Employer fails to provide 'full-time hours' under contract: Is it dismissal?

When is there repudiation? FWC clarifies legal requirements

Employer fails to provide 'full-time hours' under contract: Is it dismissal?

The Fair Work Commission (FWC) recently dealt with a case involving a worker who filed a general protections application against their employer.

The worker alleged that they were dismissed in contravention of the general protections provisions under the Fair Work Act 2009.

However, the FWC found that the worker had not been dismissed and, therefore, could not pursue their claim under the relevant section of the Act. The case highlighted the importance of understanding the legal definition of dismissal and the specific requirements for bringing a general protections claim before the FWC.

Background of the case

The worker started full-time employment with the employer on 2 October 2023. Shortly after, the worker raised concerns about underpayment, maintenance issues with their work vehicle, and excessive working hours.

Following these complaints, the worker was not allocated further work by the employer, who cited a slowdown in business as the reason.

The worker continued to contact the employer, seeking further work and expressing concerns about the lack of communication, underpayment, and a similar position being advertised on seek.com.au.

Despite these efforts, the worker received no further correspondence from the employer after 19 October 2023.

Was it dismissal?

The central issue in this case was whether the worker had been dismissed within the meaning of section 386(1) of the Fair Work Act.

The FWC noted that "the term 'dismissed' is defined under section 386(1) of the Fair Work Act" and that a person has been dismissed if their employment has been terminated on the employer's initiative or if they were forced to resign due to the employer's conduct.

Based on the evidence presented, the FWC found no indication that the employer had terminated the worker's employment on their own initiative.

Furthermore, there was no evidence to suggest that the worker had resigned from their position. In fact, the worker's own evidence stated that they were "still legally employed" by the employer as of 25 October 2023.

The importance of accepting repudiation

The FWC acknowledged that the employer might have repudiated the worker's contract by failing to provide the contracted full-time hours.

However, it emphasized that "a repudiation of the contract does not bring the contract to an automatic end but gives the affected party the right to terminate the contract."

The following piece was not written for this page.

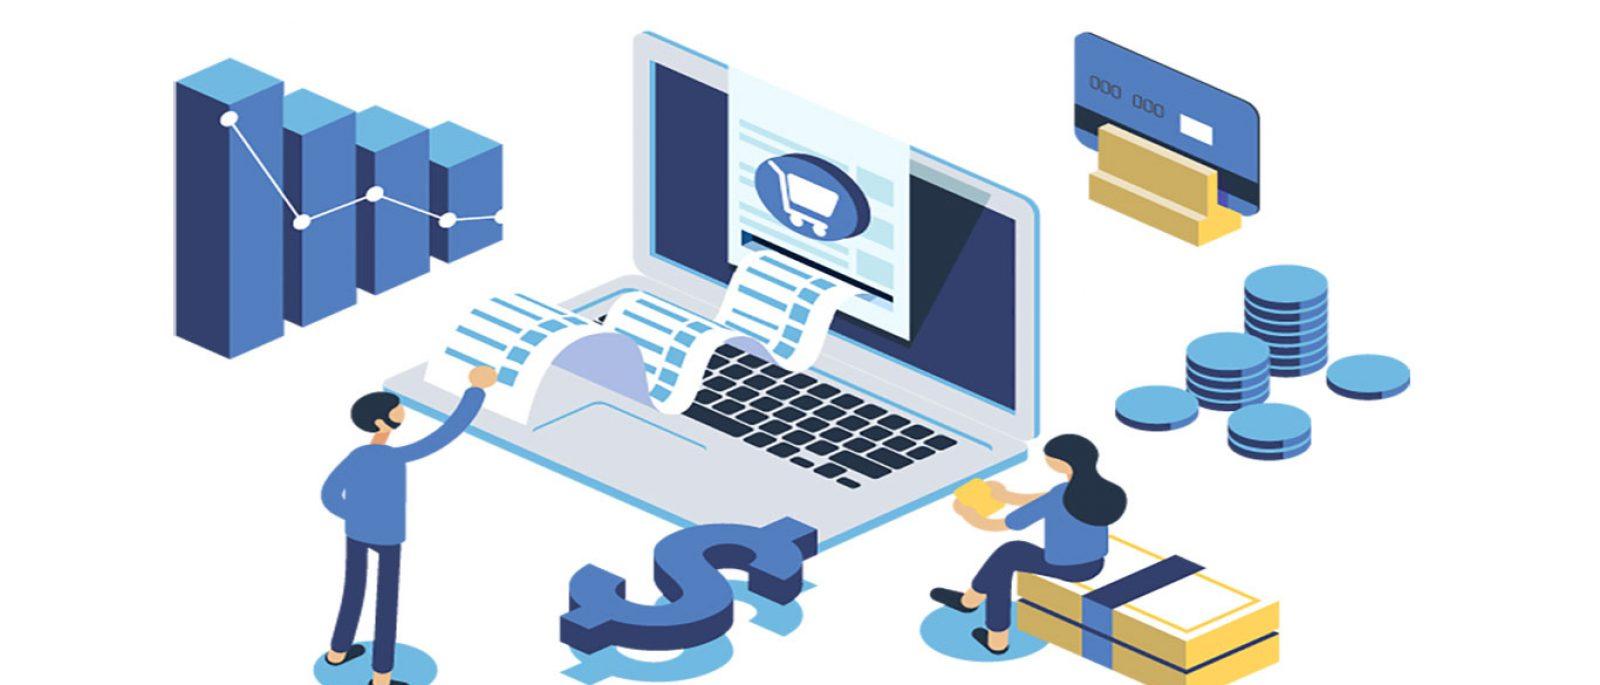 نرم افزار حسابداری فروشگاهی 1 نرم افزار حسابداری فروشگاهی
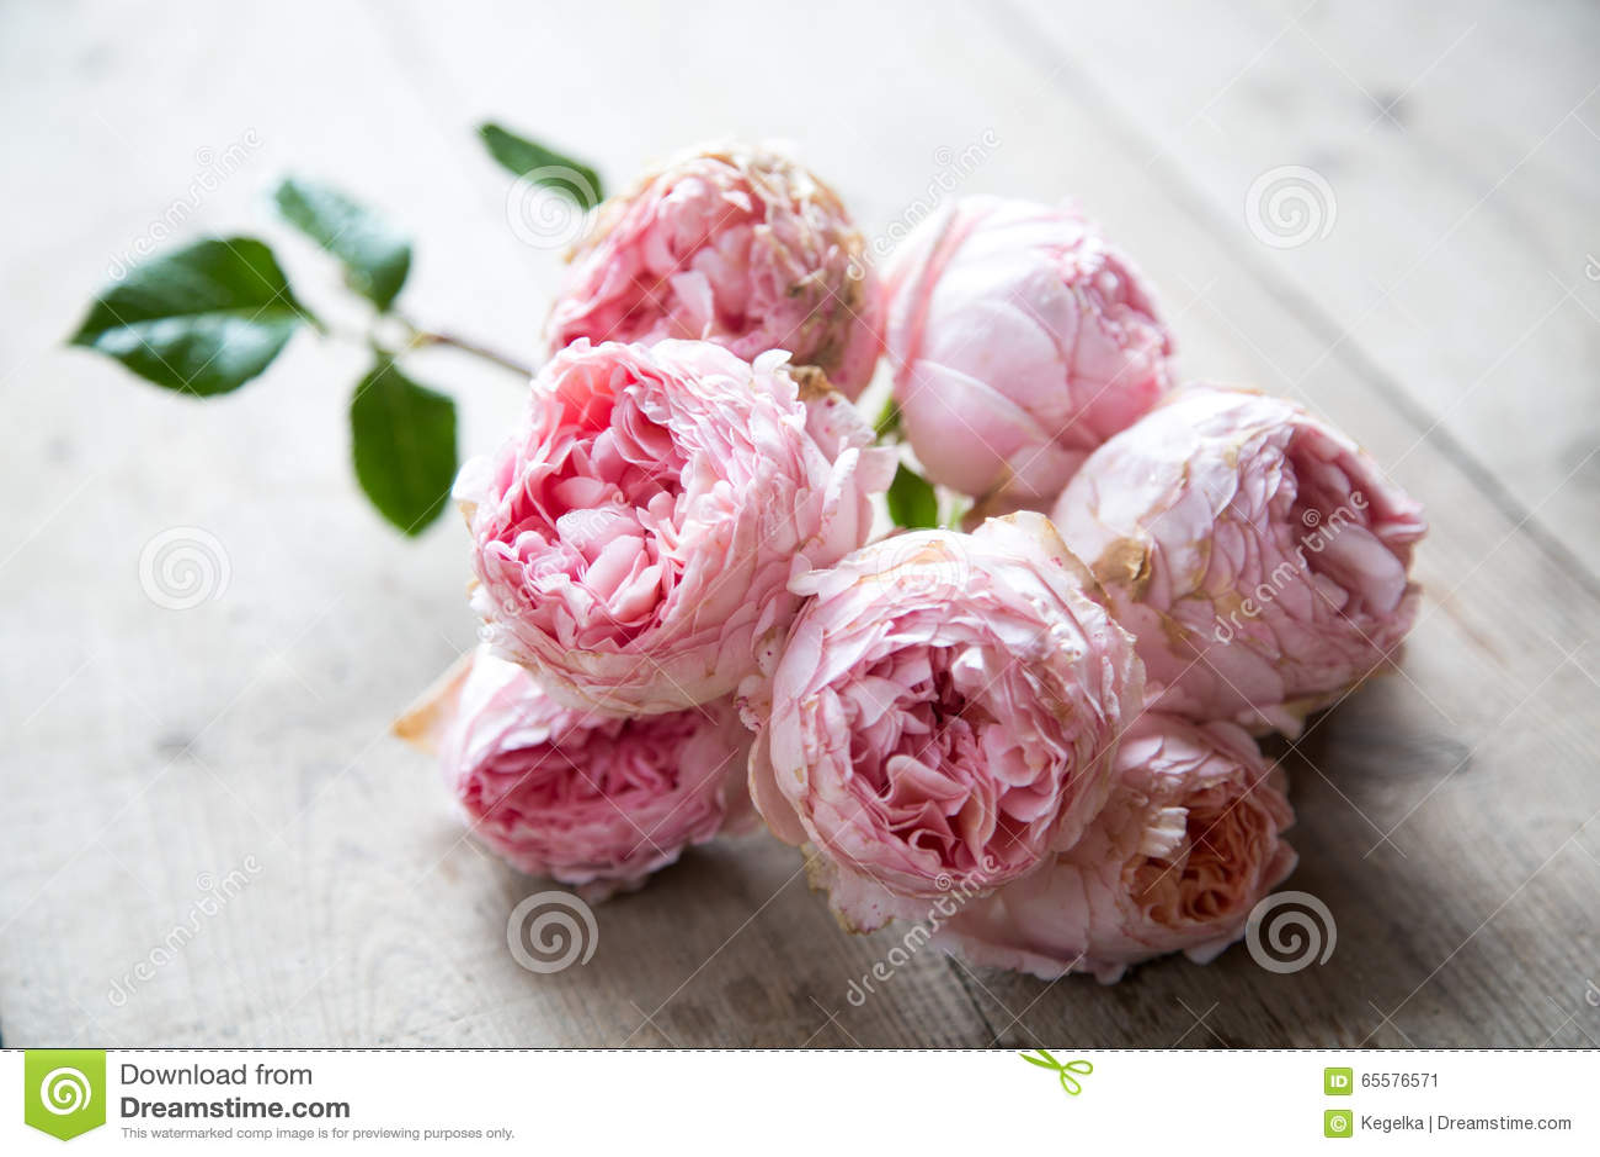 rosa englische rosen auf einem bretterboden stockbild bild von hintergrund blumen 65576571. Black Bedroom Furniture Sets. Home Design Ideas

In this case , the worker did not accept the repudiation or exercise their right to terminate the contract, which would have amounted to a termination at the employer's initiative.

The FWC’s consideration

The Full Court's decision in Coles Supply Chain v Milford played a significant role in guiding the FWC's determination of this case.

The FWC noted that while the Full Court suggested that, in some cases, the FWC might determine when employment ended without deciding whether a dismissal occurred, this case was not an appropriate one for such an approach.

The FWC distinguished the current case from Coles Supply Chain v Milford, stating that "the facts in Coles Supply Chain v Milford are that there was a definitive dismissal, whether by termination at the employer's initiative or by the operation of a policy. The nature of the dispute in that matter revolved around when exactly that dismissal had occurred. In contrast to this current case, there is no evidence indicating that [the worker] has been dismissed at all according to section 386(1) of the Act."

Ultimately, the FWC dismissed the worker's application, as it lacked jurisdiction to hear the matter under section 365 of the Fair Work Act. The FWC explained its decision, stating:

"In determining General Protections applications under s 365 of the Act, I am bound by the authority set by the Full Court of the Federal Court of Australia in Coles Supply Chain v Milford to determine whether dismissal has occurred as an antecedent issue. All other issues fall away if this threshold primary question cannot be satisfied."

The FWC further clarified its position, noting that "for the reasons above, I am not satisfied that [the worker] has been dismissed within the meaning of s 386(1) of the Act. As such, the Commission does not have the jurisdiction to hear the matter under section 365 of the Act. Therefore, I am left no other choice but to dismiss the Application."

However, the FWC did point out that the worker had other options available to them, stating that "it is currently open to [the worker] to lodge a general protections application not involving dismissal under section 372 of the Act."

This decision served as a reminder to both employers and employees that the legal definition of dismissal is crucial in determining the appropriate course of action when disputes arise.